Task directions:
Set down exact lines only, from the line with "People swimming in" through the last line of the material below, with every picture left out.

Given data:
§ §

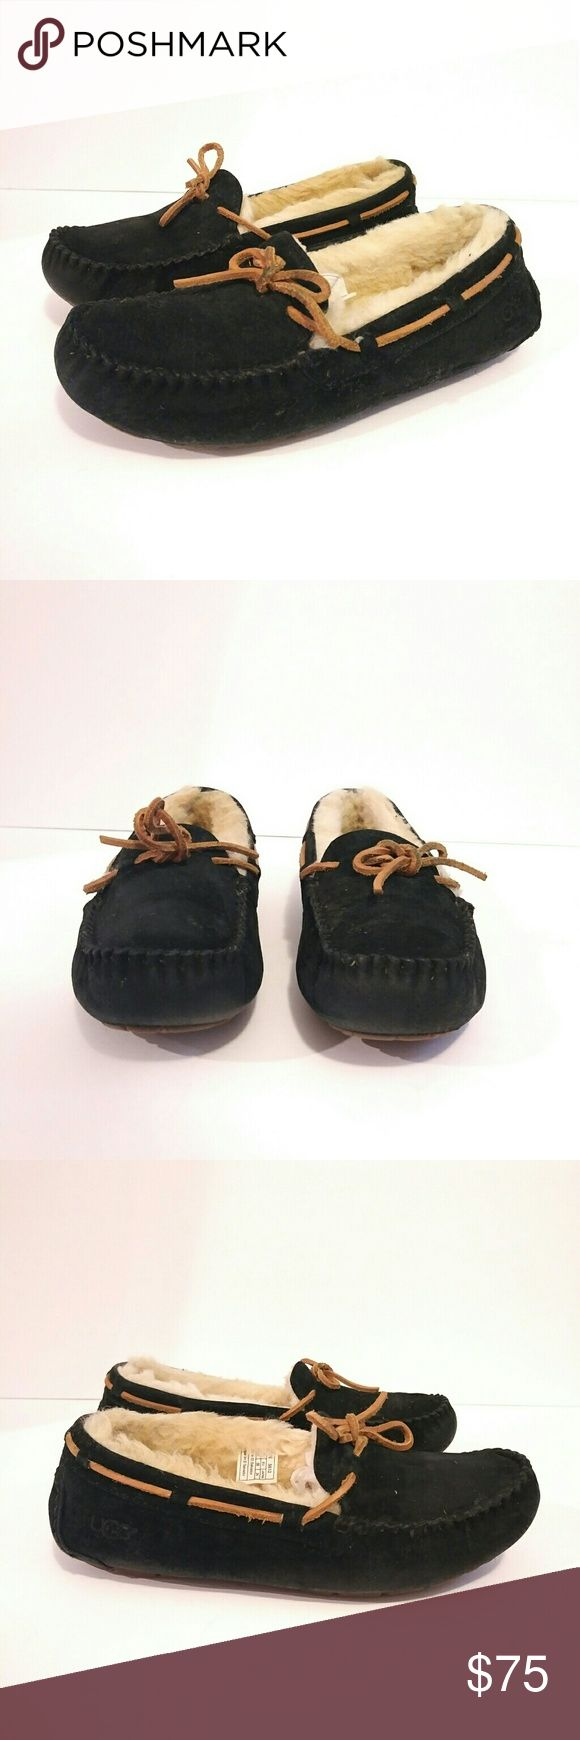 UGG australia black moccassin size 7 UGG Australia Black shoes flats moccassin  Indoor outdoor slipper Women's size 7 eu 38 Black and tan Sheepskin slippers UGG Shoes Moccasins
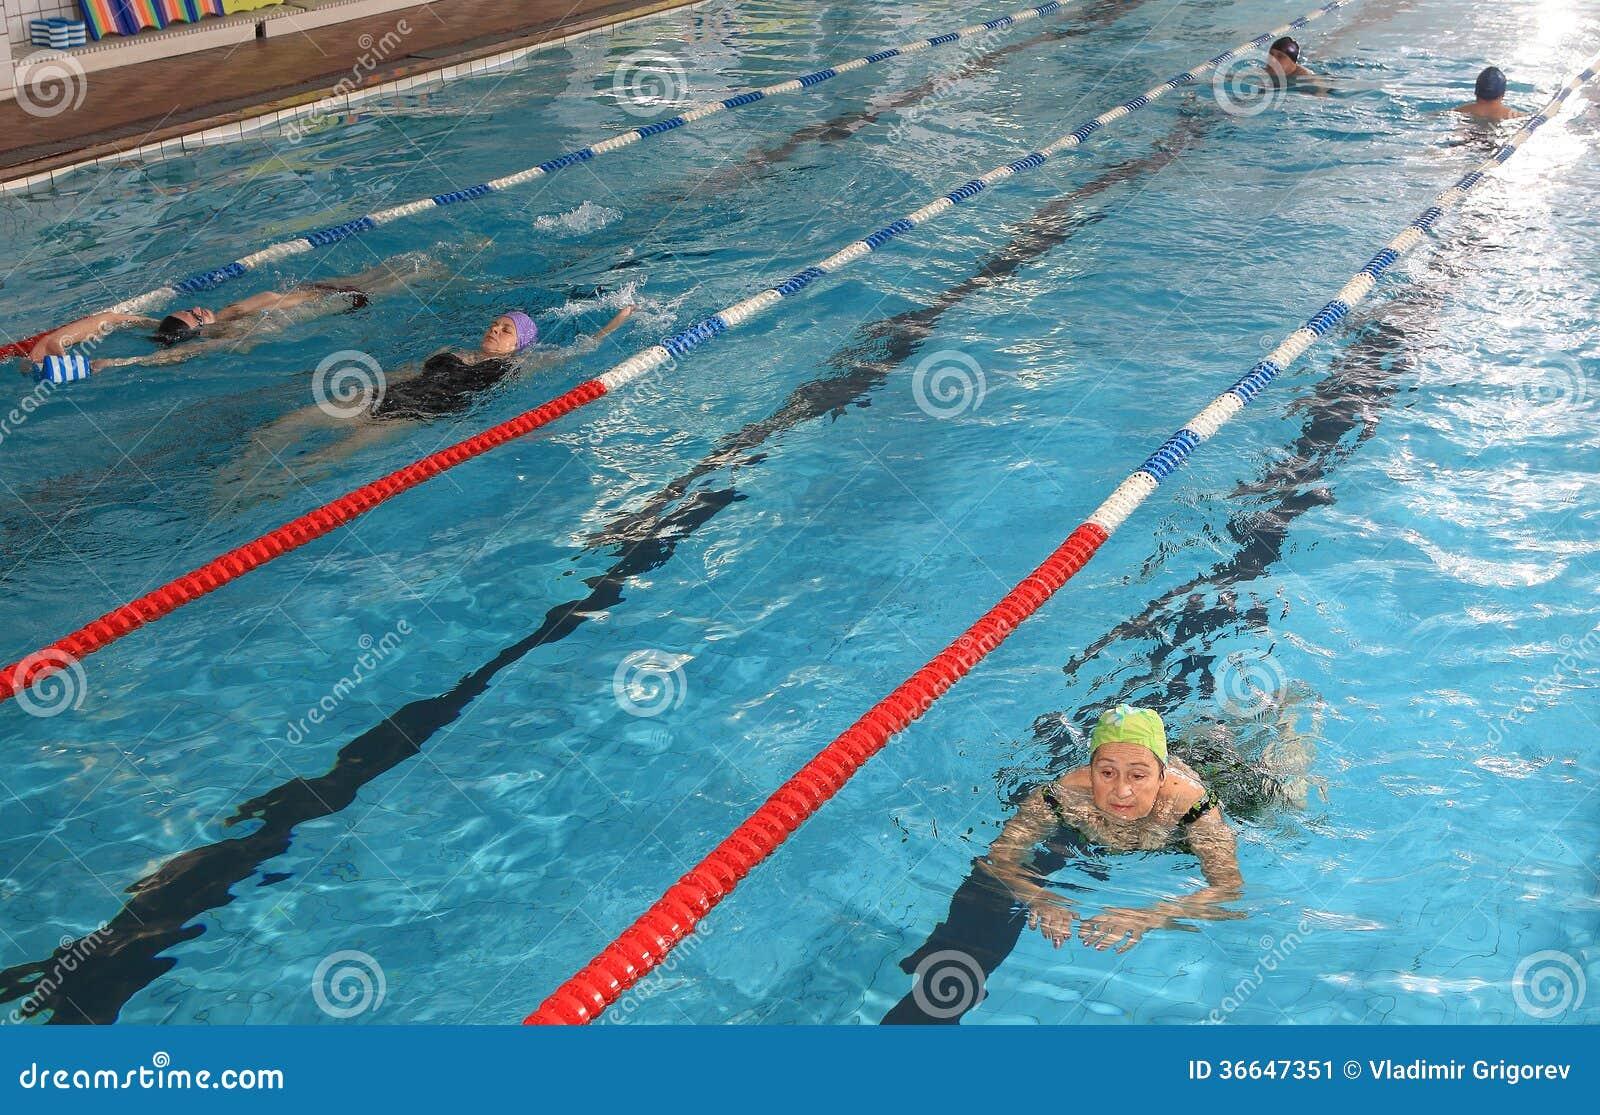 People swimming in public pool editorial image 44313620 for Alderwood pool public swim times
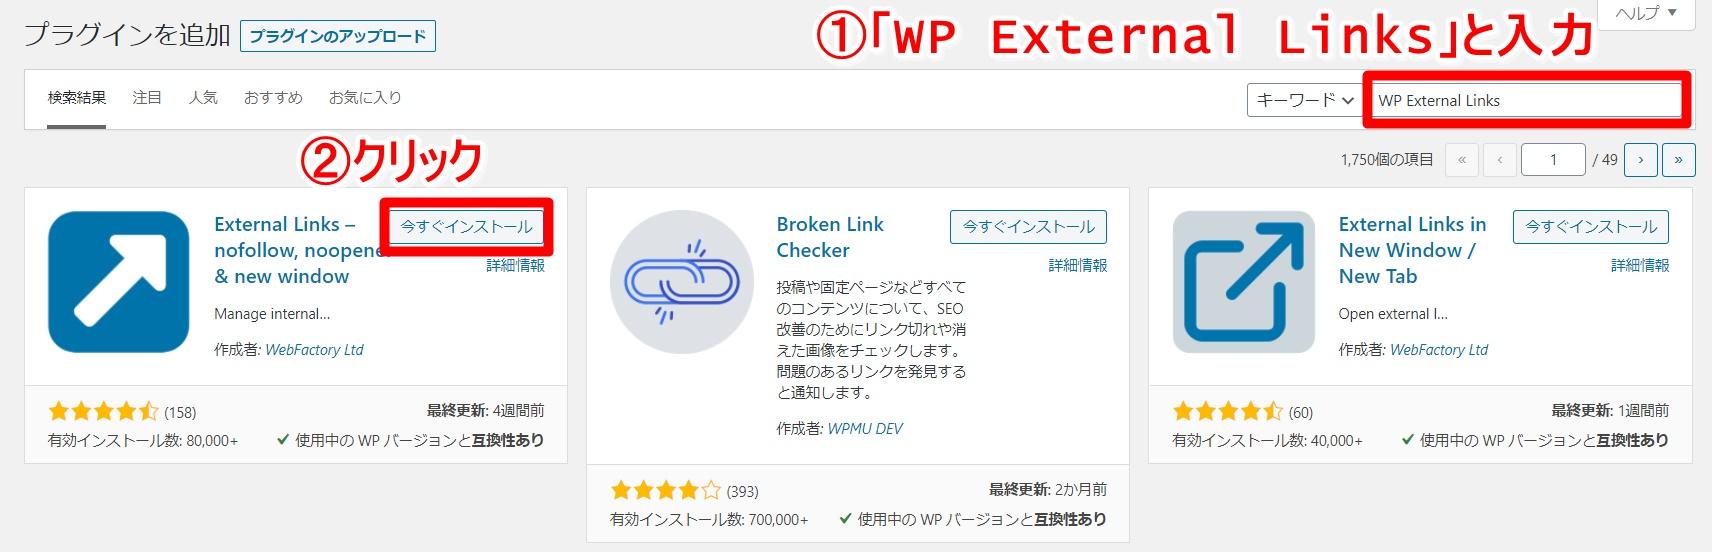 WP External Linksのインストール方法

§ §

Exercise answer:
 People swimming in public pool editorial image 44313620 for Alderwood pool public swim times
 WP External Linksのインストール方法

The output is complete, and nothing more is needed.